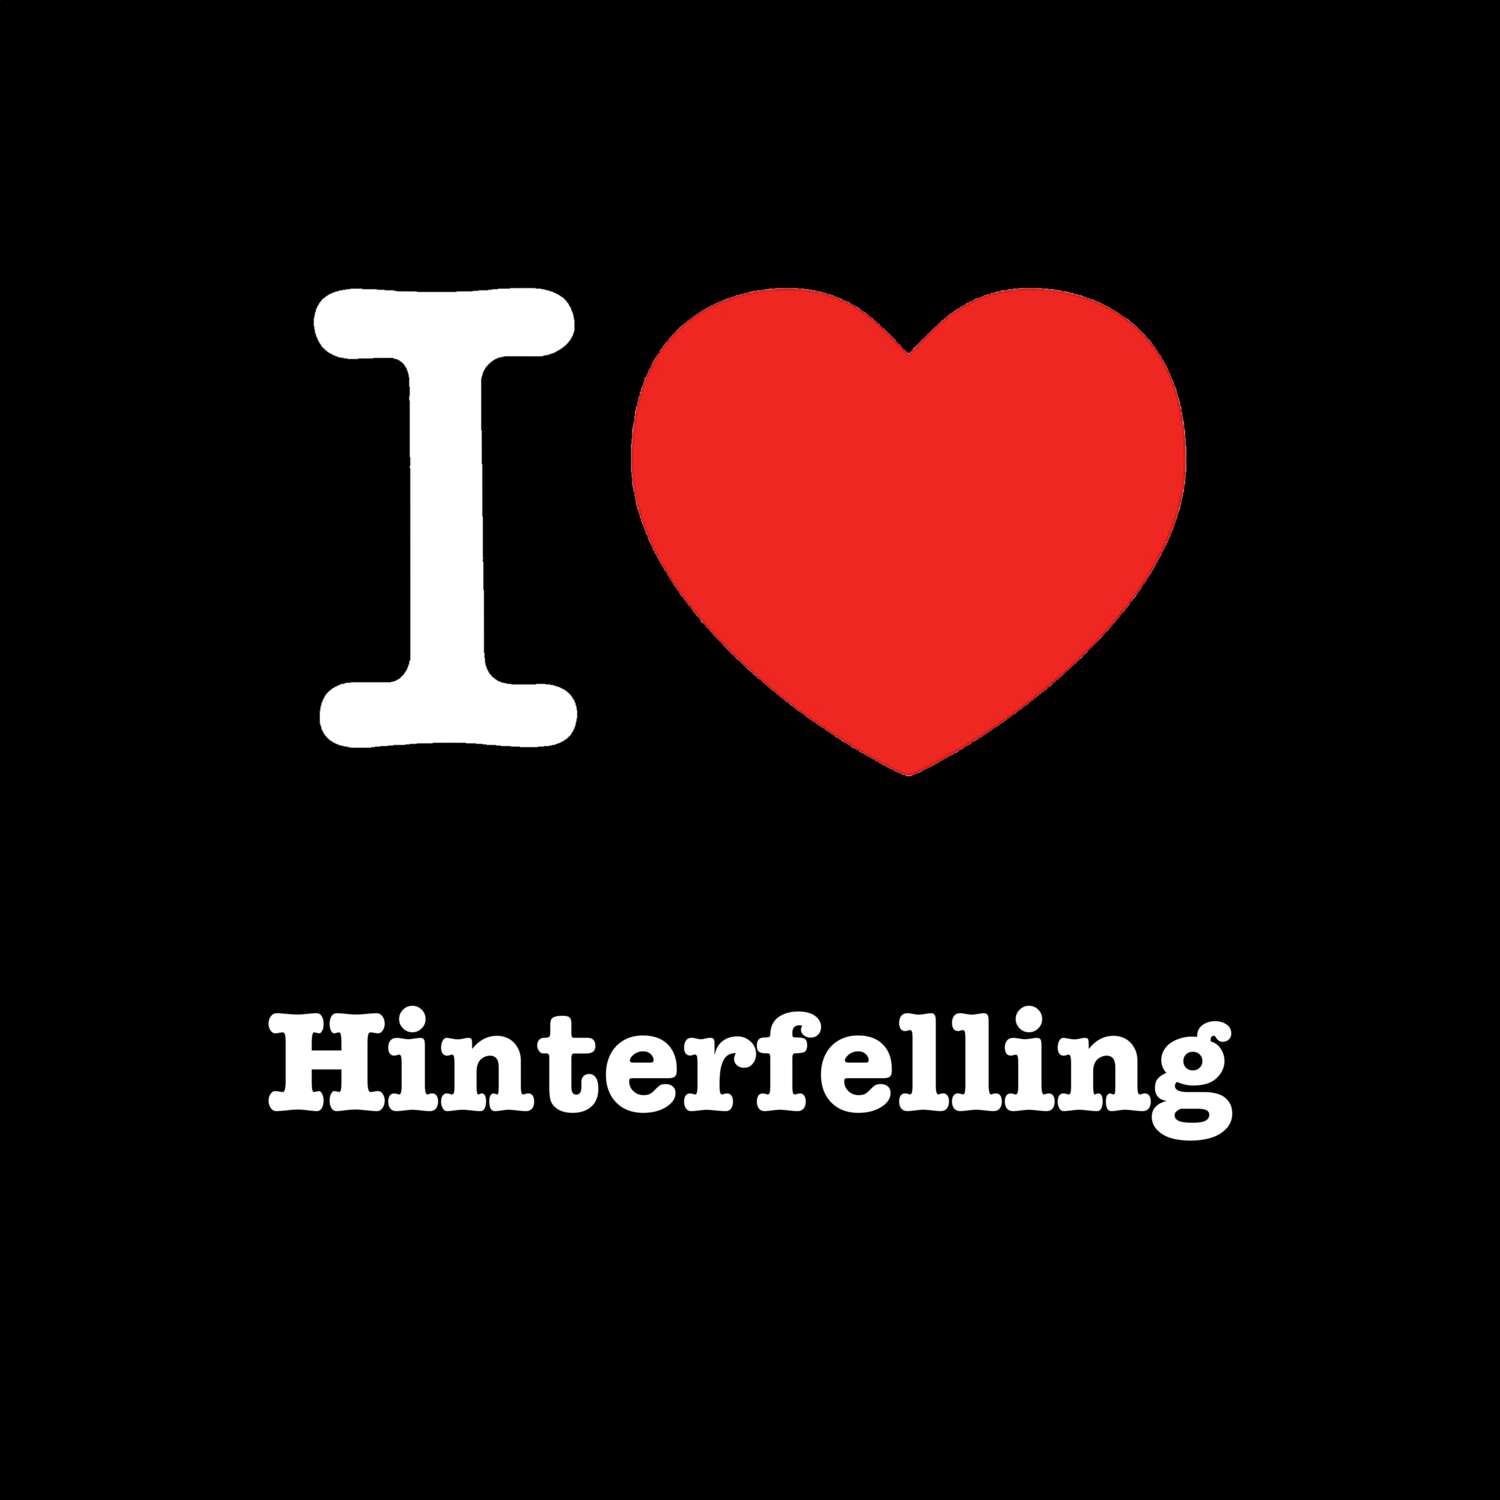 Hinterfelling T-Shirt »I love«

- - -

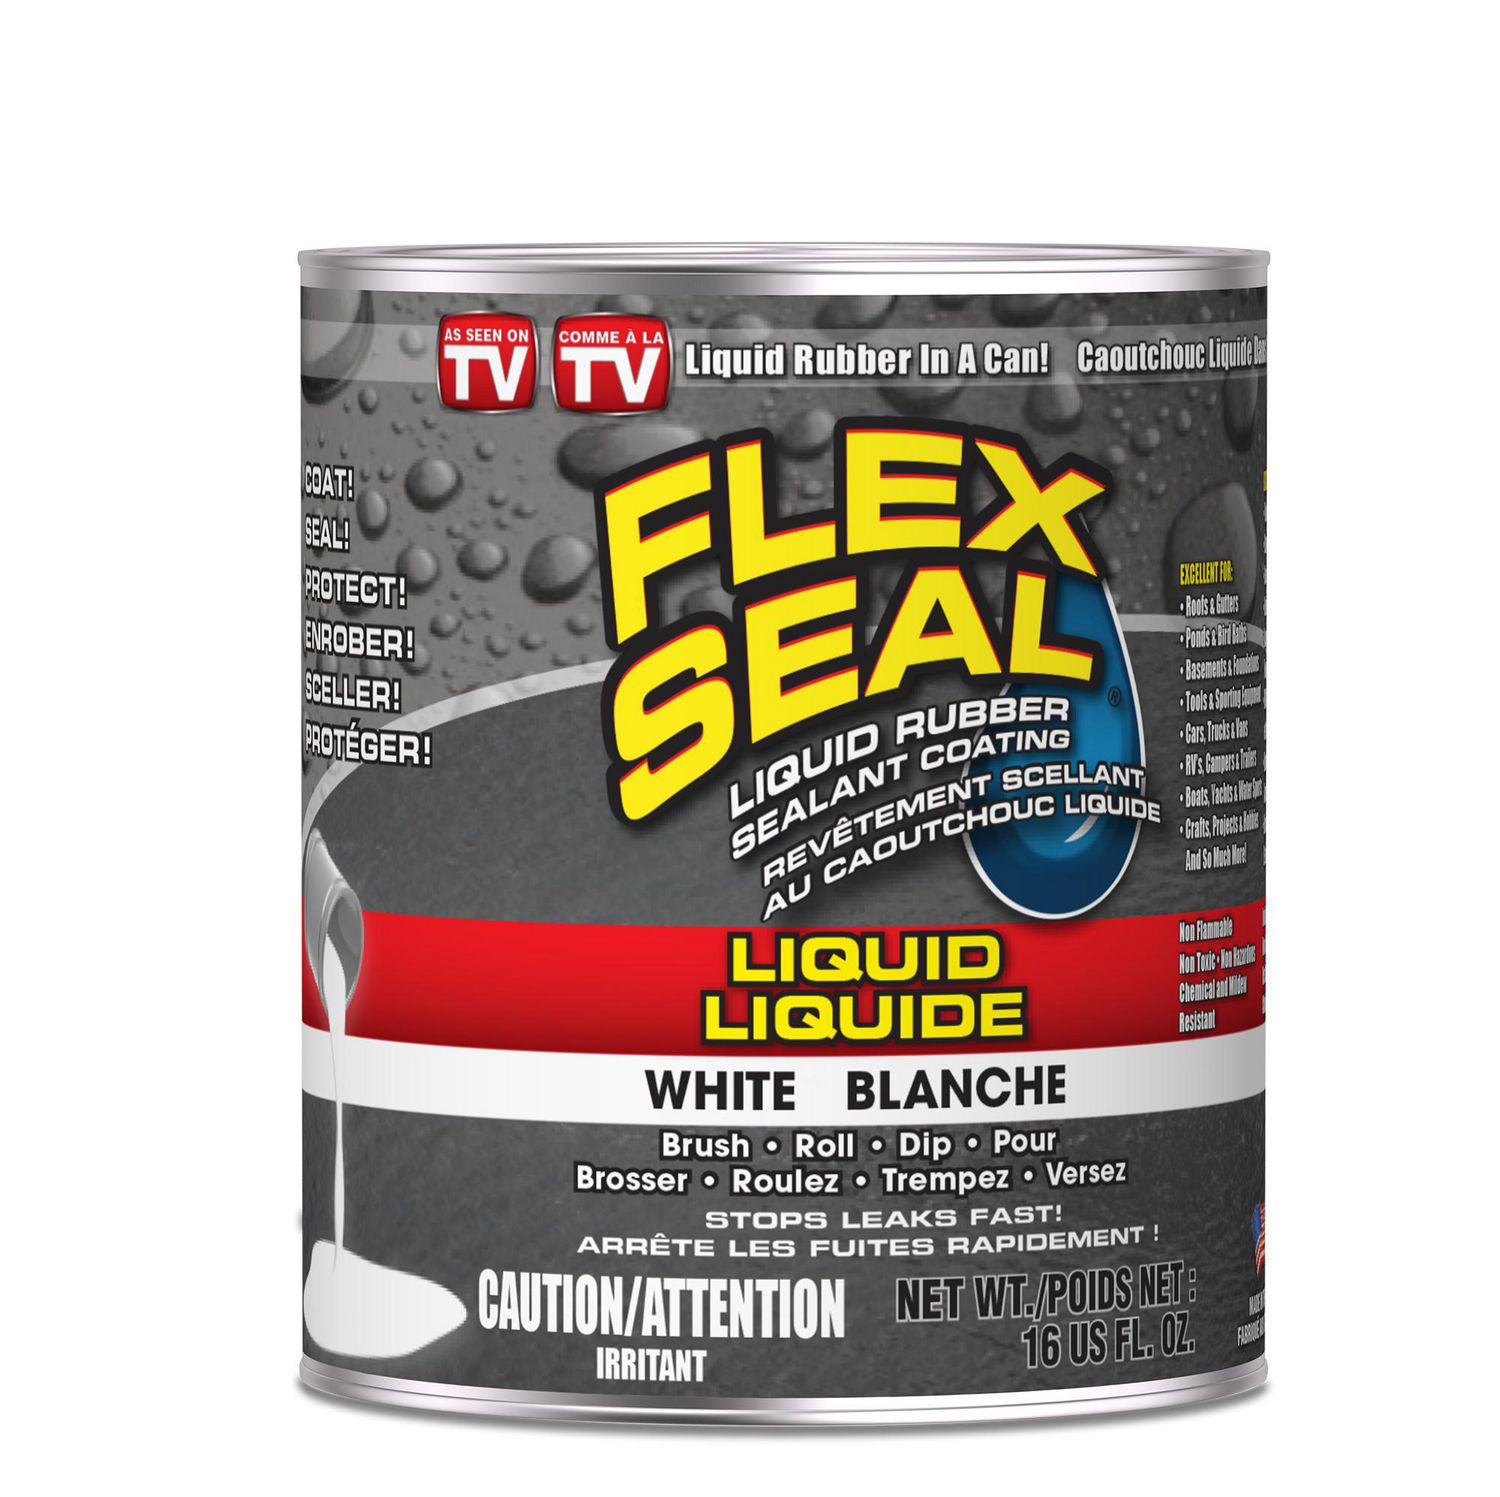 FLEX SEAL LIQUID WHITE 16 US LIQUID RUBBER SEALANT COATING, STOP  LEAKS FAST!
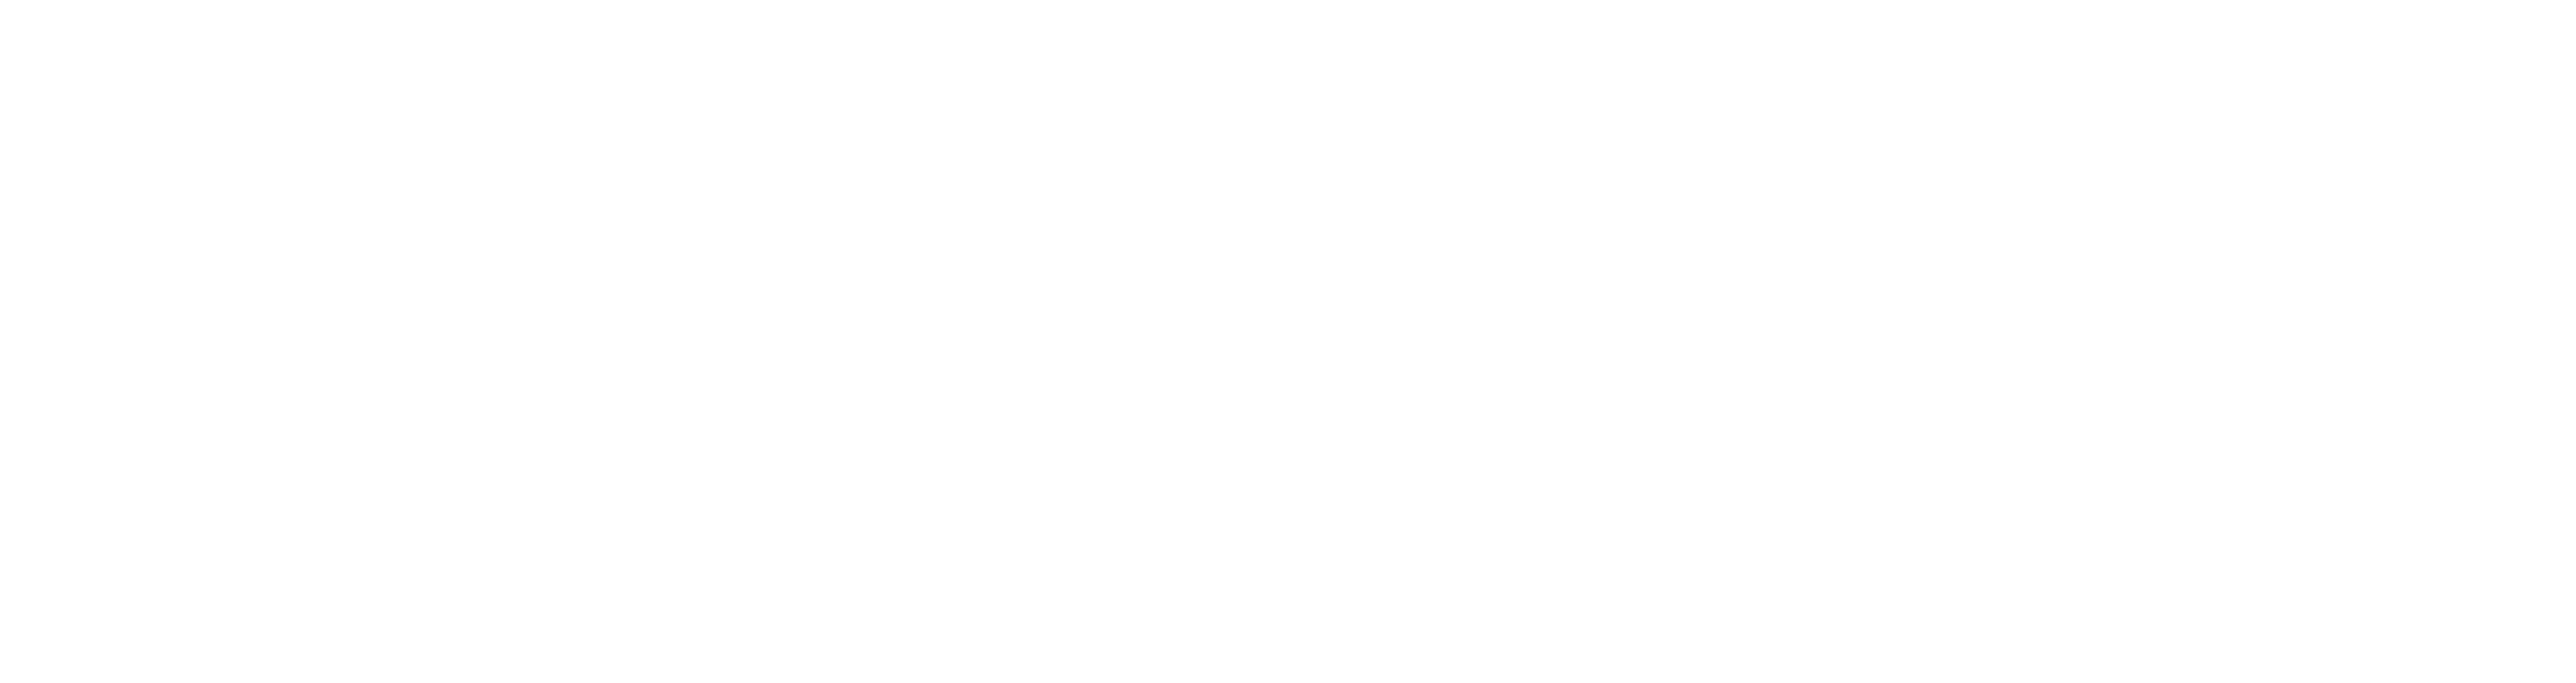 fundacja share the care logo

- - -

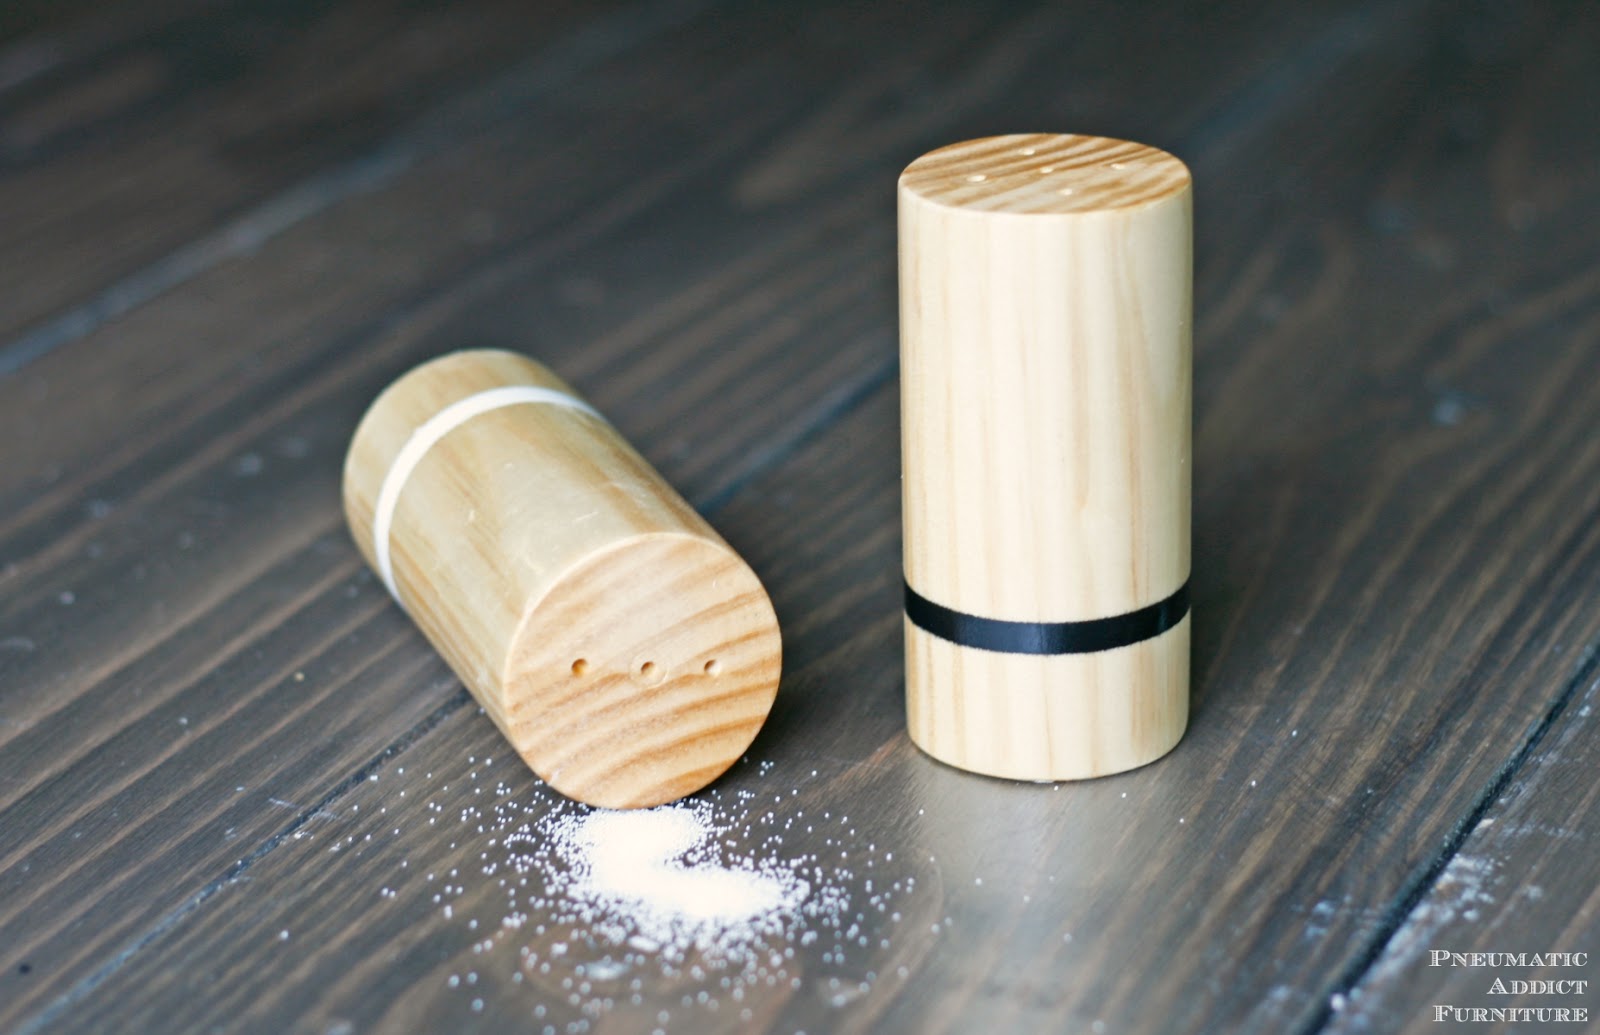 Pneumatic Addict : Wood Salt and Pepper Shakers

- - -

*Problem description*:
Here the job is to copy the stretch of records from the line containing "FLEX SEAL LIQUID" through the line containing "fundacja share the care logo", word for word. Leave every picture out.

*Answer to the exercise*:
 FLEX SEAL LIQUID WHITE 16 US LIQUID RUBBER SEALANT COATING, STOP  LEAKS FAST!
 fundacja share the care logo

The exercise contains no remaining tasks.